Our smart gadgets, however, are just the beginning. For ambient intelligence to really flourish, we require many more objects to be digitally enabled and for these objects to listen to and respond to the environment and each other. The midterm will see the Internet of Things (IoT) enable inexpensive networking and connectivity, to be applied to everything from stockroom crates to tables and children's toys. The protocols supporting this pervasive communication are being enabled by mobile signals, Wi-Fi, NFC tags, and Bluetooth Low Energy. Ambient intelligence is not just one technology; it is a coalition of many working in unison.

One of the most abiding models for understanding a complex system such as this is an associate model. These models are popular in artificial intelligence and are able to support decentralized, self-learning systems that have goals such as those outlined above. This model sets up a circular cycle: sense, think, and act. Customer experience professionals should view ambient intelligence from this framework and consider the following:

1. Sense: Ask permission for unobtrusive listening and interaction with the consumer's environment. Today, smartphones kitted with a slew of onboard sensors provide the most accurate "remote viewing" of people, objects, and places. Context is the key for relevance and requires lots of data signals, so the goal for experience designers is to obtain permission from customers to sense their location, orientation, identity, nearby temperature, and other environmental, social, and emotional cues. Interaction design supported by onboard cameras and microphones will provide insights into consumers' moods, as well as what they are saying and doing.

The new Moto-X Android phone by Motorola/Google points the way here, with its always-on audio capture that continuously senses the environment and is ready to serve at any second. According to its website, the Moto-X "responds to your voice—no touching necessary. Twist your wrist twice, it becomes your camera. Information quietly appears on the screen—it doesn't interrupt."

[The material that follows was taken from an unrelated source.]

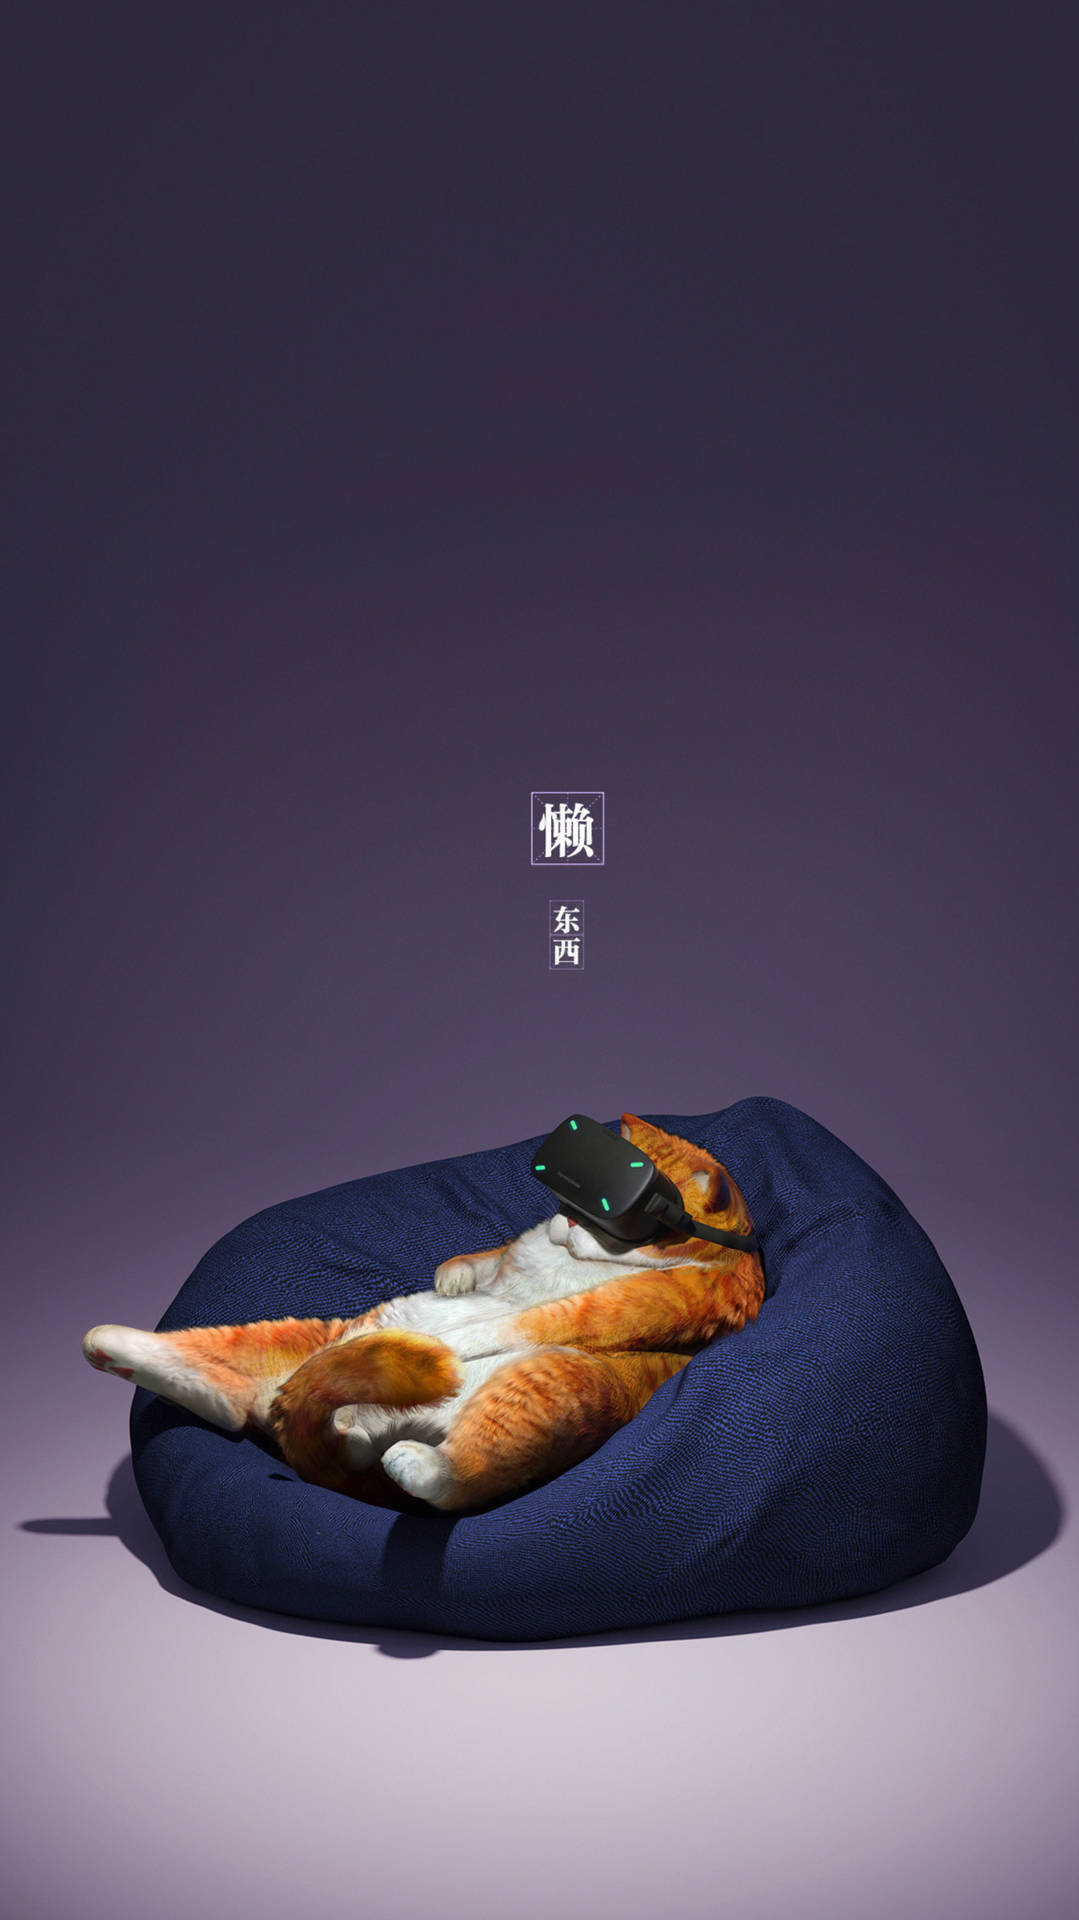 cool cat with vr glasses
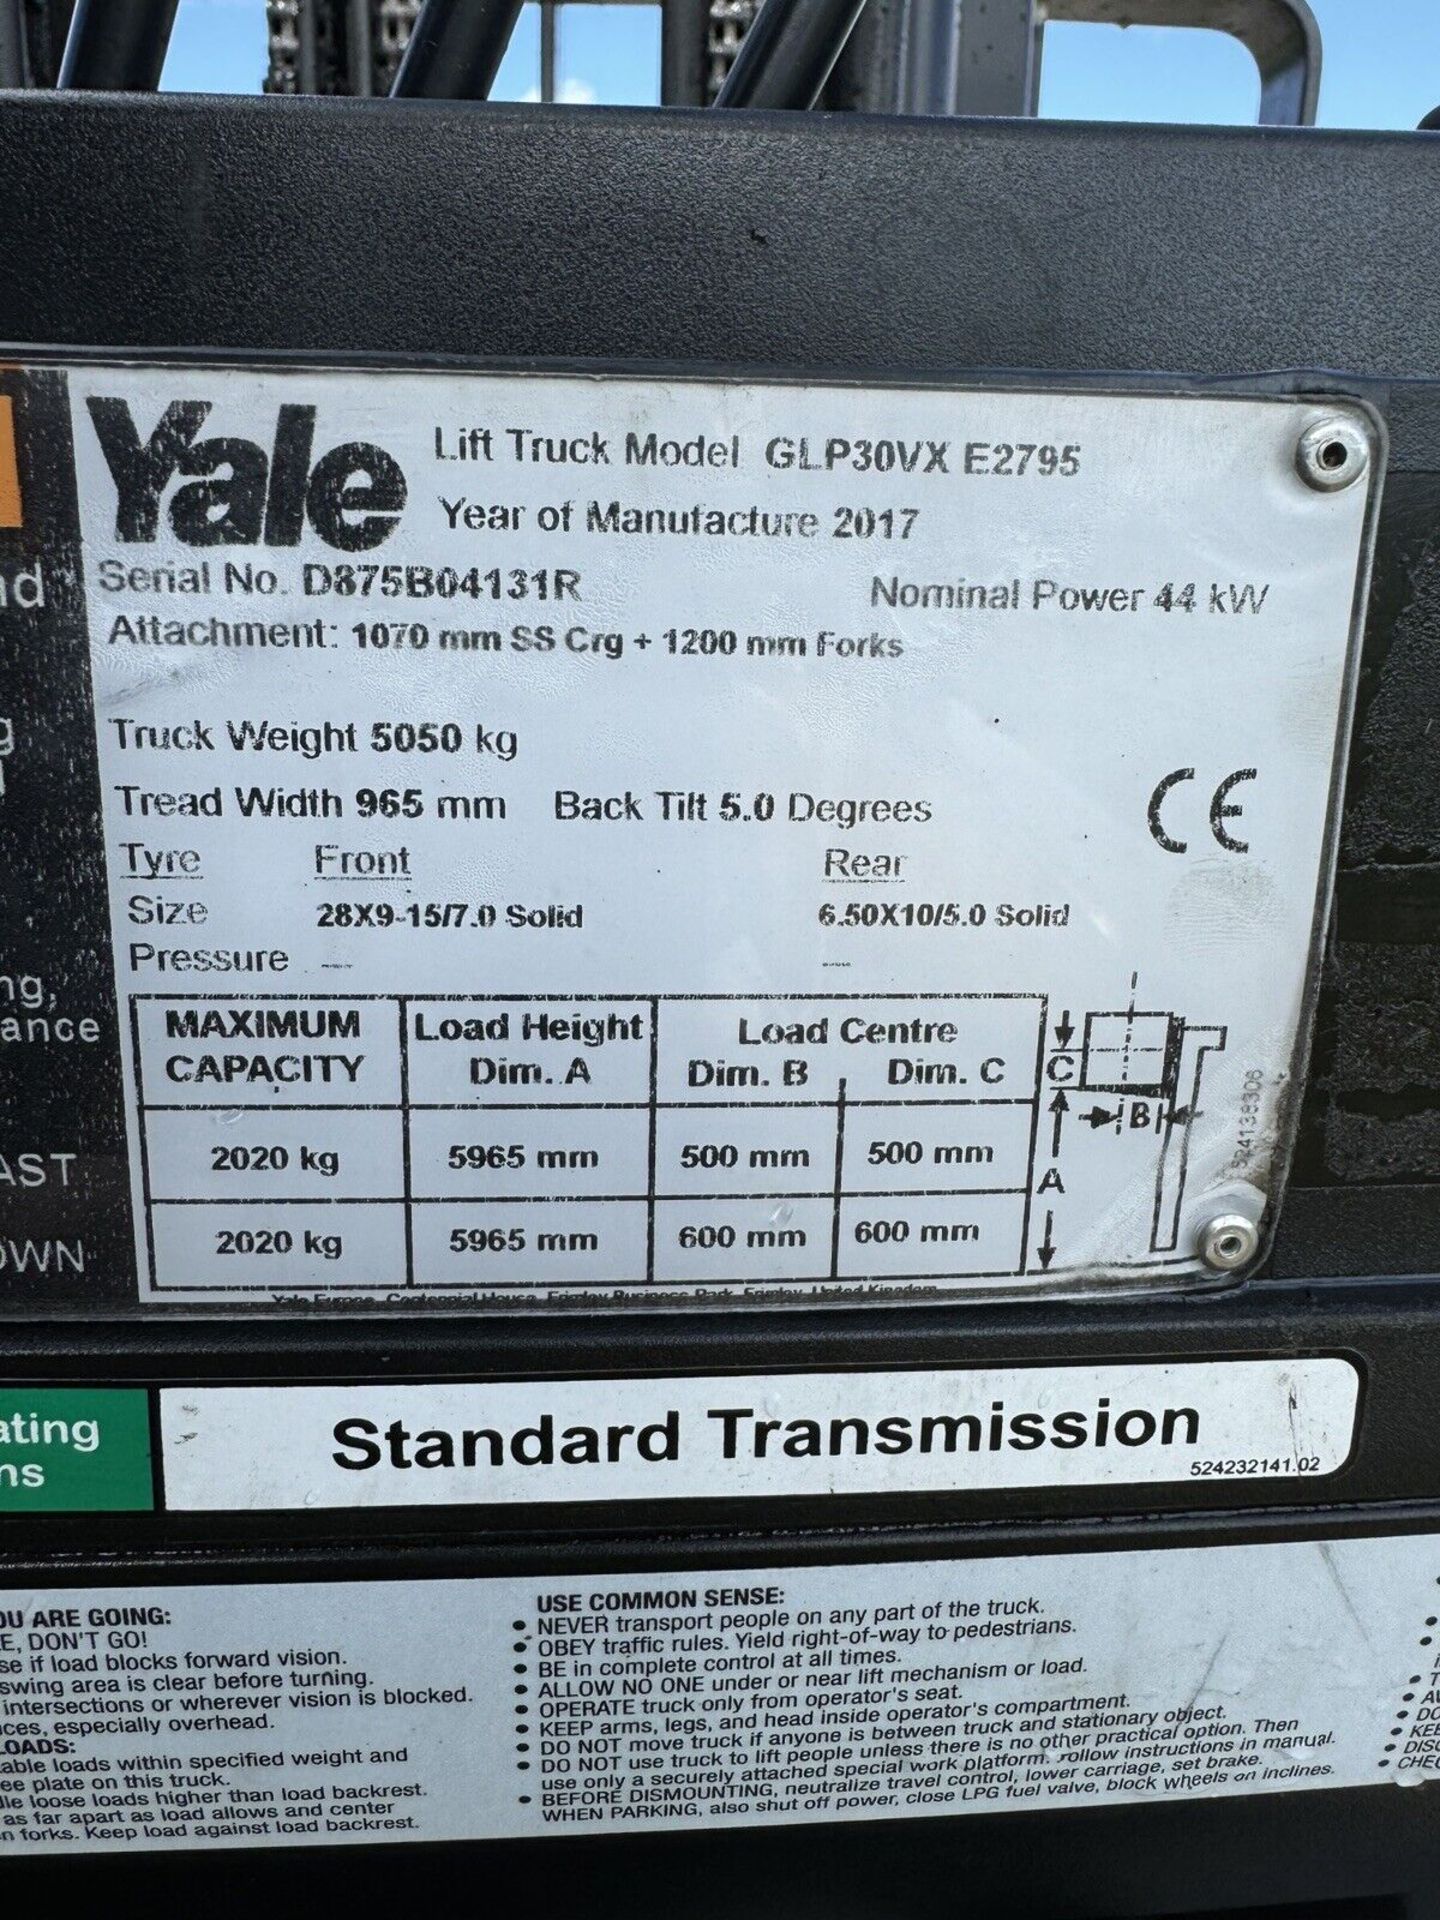 2017 - YALE Gas Forklift Truck (5.9 m lift) - Only 2200 Hours - Image 7 of 7

2. Think: Spend the majority of time thinking on how you can provide utility now and in the near future. Experiences will not be ambient if users are presented with a bazaar of bleeps and messages that sound like a Tokyo high street. Therefore, ambient intelligence mandates restraint and relevance. The majority of your development will be spent on models that hypothesize how your brand can help consumers—not sell products to them. Today, web analytics are maturing to multi-signal, sense-making tools fueled by Big Data. Additionally, business logic is expanding to work alongside algorithms and expert systems developed for artificial intelligence to realize the goal of understanding context and relevance.

3. Act: Push messages to the user only when they are hyper-relevant and allow users to train your systems easily. Experiences driven by ambient intelligence need to react quickly to events or signals from the user. The systems also need to proactively support via pushes and alerts. Consider Google Glass, with its subtle conveyor belt of alerts about locations, meetings, and other augmentations of the real world that consumers can either ignore or act upon. Users must be able to calibrate these push messages to train the system to respond appropriately.

An ambient intelligence approach to experience design will increasingly be necessary over the next few years. Without this approach, the signal-to-noise ratio will be poor and the experience will be bad.

Estimates for this new dawn have been penciled in for around 2020, but the technologies needed to deliver it are all present today—albeit unevenly distributed. Public spaces are the most complex, so in the short and medium term, it's likely we will see ambient customer experiences in dedicated retail environments and in the home, where more control of the digital and physical ecosystem is possible.

What benefits will ambient intelligence bring to the customer experience? Future users won't have sore thumbs from jabbing at screens as we do; their technology will be hidden away, continually listening to them and anticipating what they need. They will train it like a pet through their voices, faces, and gestures—and they'll see our continual button-clicking as efficient as starting a fire with a flint.